The laws in Australia regarding freedom of speech is given to people who are the

victim of discrimination, vilification, or injury on grounds that differ from one

jurisdiction to another. All Australian jurisdictions address when a person is

victimised on account of race. Some jurisdictions give redress when a person is

victimised on account of colour, ethnic origin, religion, disability, or sexual

orientation. Freedom of speech is a notion of inherent human rights to voice one’s

opinion publicly without fear of censorship or punishment. Australia’s law on

freedom of speech differs very differently from state and commonwealth law. State

law is based on Anti-vilification laws, which are not exclusive on the grounds of race;

they have become an accepted and normal part of the Australian anti-discrimination

policy framework. Each state and territory have their own version of these laws and

they are important as they generally, create an offence of vilification, which holds the

standard of behavior which recognises what the community as a whole finds

vilification unacceptable. The ideology in today’s society supports the argument that

vilification is more than simply hurting someone’s feelings. Rather, vilification is

constructed as an act of discrimination. However, Australia does not have an first

amendment equal protection of freedom of speech in our constitution. In 1992 the

issue of freedom of speech was dealt with in the case of Nationwide News Pty Ltd v

Wills where the high court held that implied freedom of political communication

exists as an incident of the system of representative government established by the

Constitution. The government and our communities view hate speech as an

unacceptable form of expression warranting state intervention to minimise its harms

and/or its occurrence.


As an example of Vilification law by state the New South Wales Government

justified the introduction of Australia’s first anti- vilification law in 1989, they argued

that the legislation was necessary. Now how is it necessary? The argument was that

the laws would be introduced for the ‘right to a dignified and peaceful existence free

from racist harassment and vilification’ and ‘its attendant harms’. However, in

Victoria, a government Discussion Paper released prior to the enactment of racial and

religious anti-vilification laws stated that ‘expressions of racial and religious

vilification not only undermine people living in our community, they also threaten the

fairness and tolerance of our society’ and that ‘serious harm is inflicted on people by’

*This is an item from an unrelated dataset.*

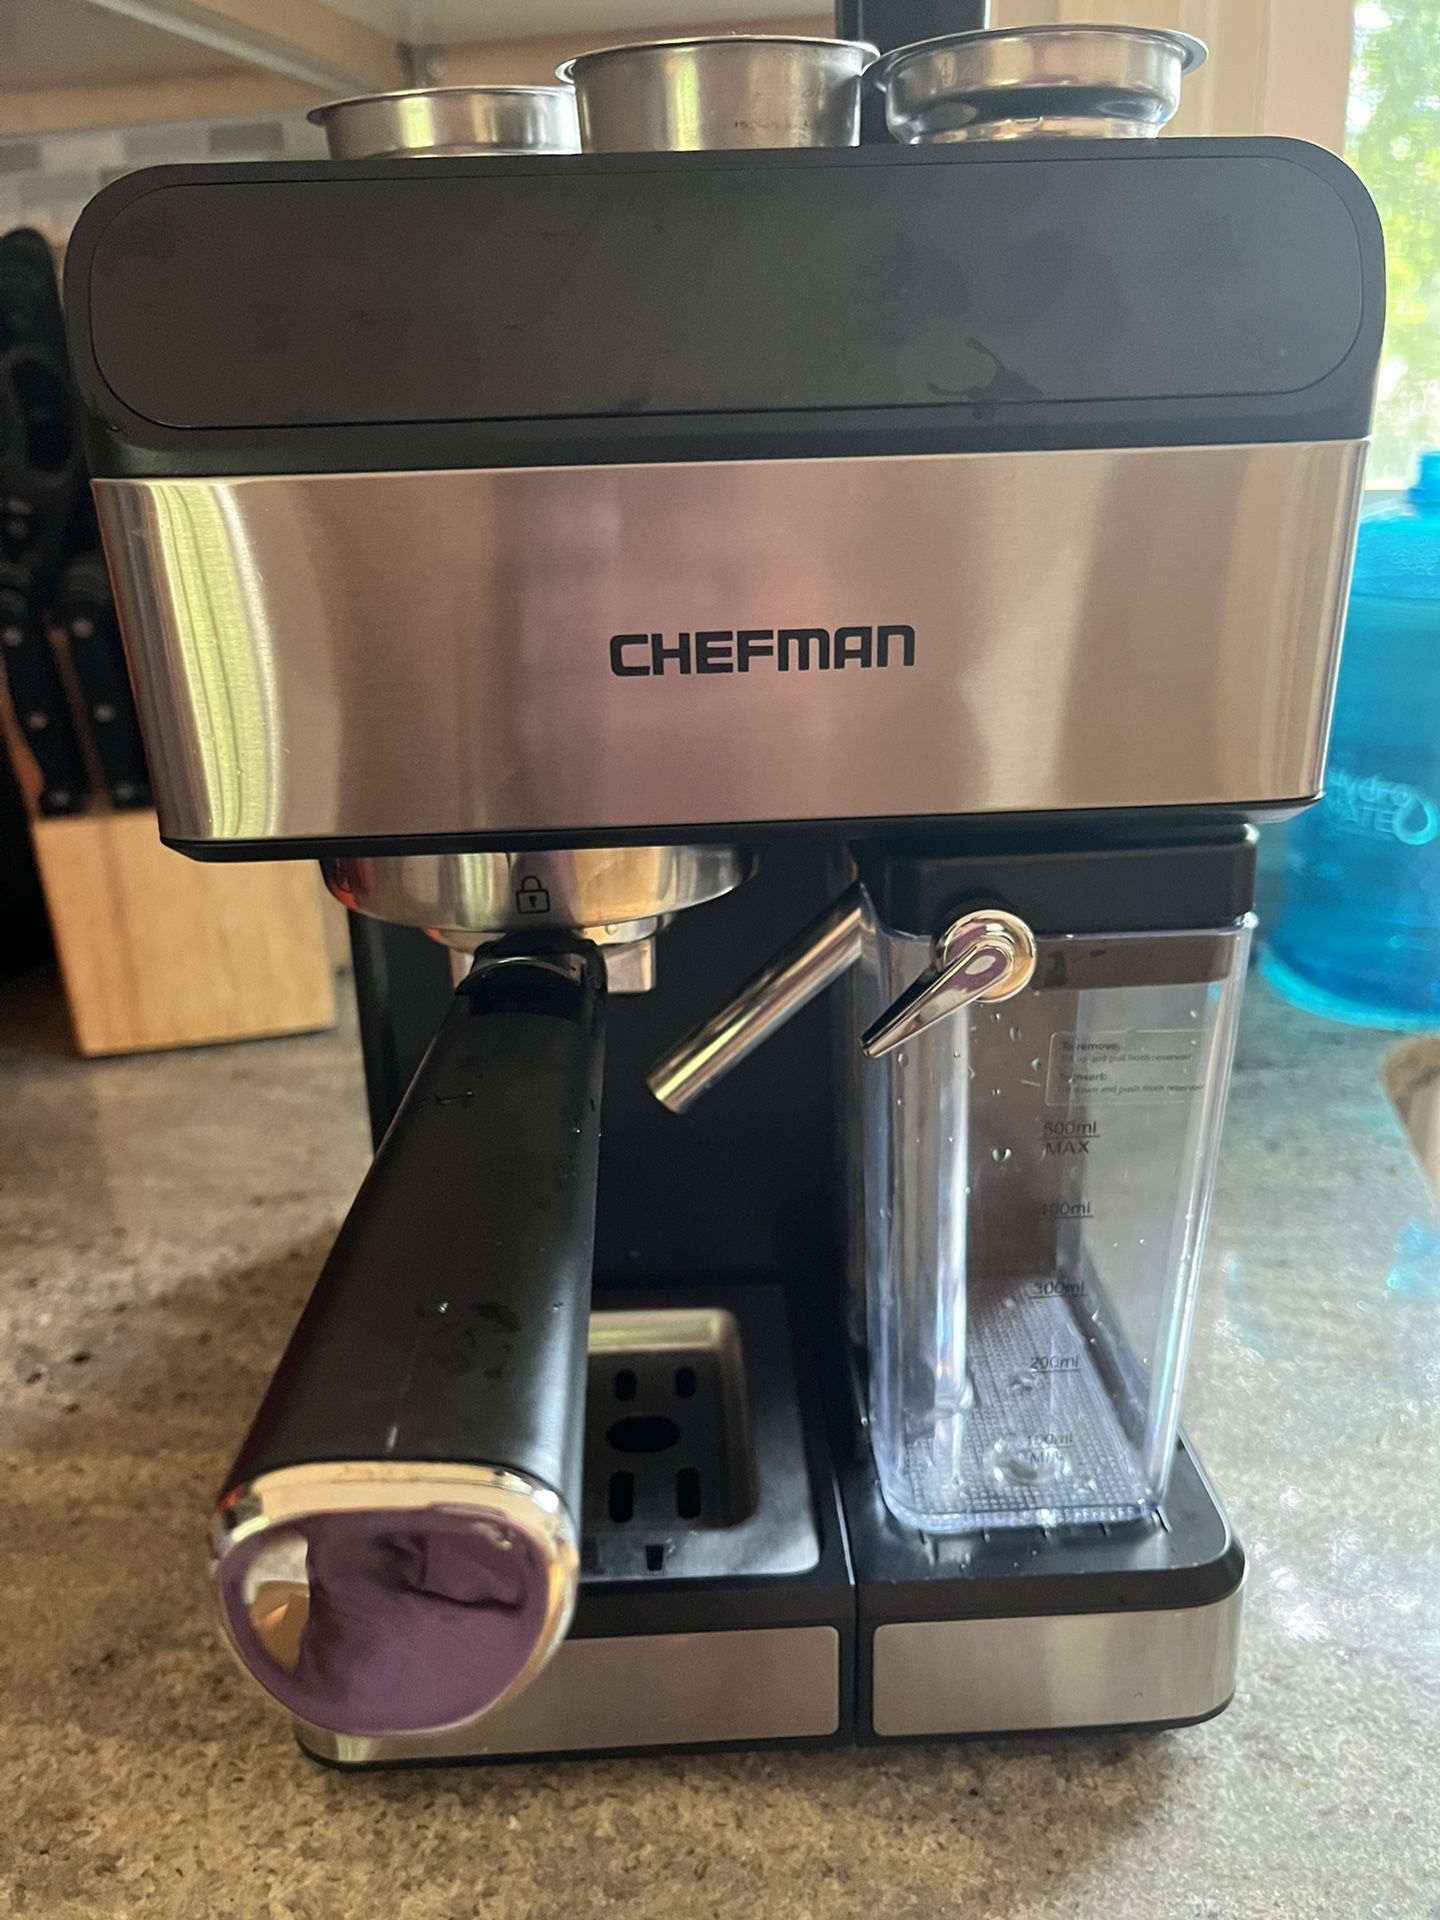 Chefman 6-in-1 Stainless Steel 15-Bar Pump Espresso Machine

hate speech. In Queensland, Explanatory Notes were released in 2001 Bill, which

introduced anti-vilification provisions in that state argued that the provisions would

‘reinforce the social unacceptability of such conduct’.

In the ACTV case the High Court considered if there was an implied Constitutional

right to free speech in regards to governmental and political affairs. Majority of the

High Court held there was this was the implied freedom of political communication in

the Constitution, we may not have an amendment like America does but, but our

freedom comes from the representative nature of our democracy. Thus, this gave rise

for the Commonwealth to legislate against the implied freedom of communication

became limited.

Federal Law
At a federal level the Racial Discrimination Act 1975 prohibits hate speech on several

grounds. Firstly the act has made it "unlawful for a person to do an act, otherwise than

in private, if the act is reasonably likely, in all the circumstances, to offend, insult,

humiliate or intimidate another person or a group of people; and the act is done

because of the race, colour or national or ethnic origin of the other person, or of some

or all of the people in the group. A person who has experienced hate speech can make

a complaint to the Australian Human Rights Commission. If the complaint is

validated, the Commission will attempt to conciliate the matter. If the Commission

cannot negotiate an agreement that is acceptable to the complainant, the complainant's

only redress is through the Federal Court or through the Federal Magistrates Service.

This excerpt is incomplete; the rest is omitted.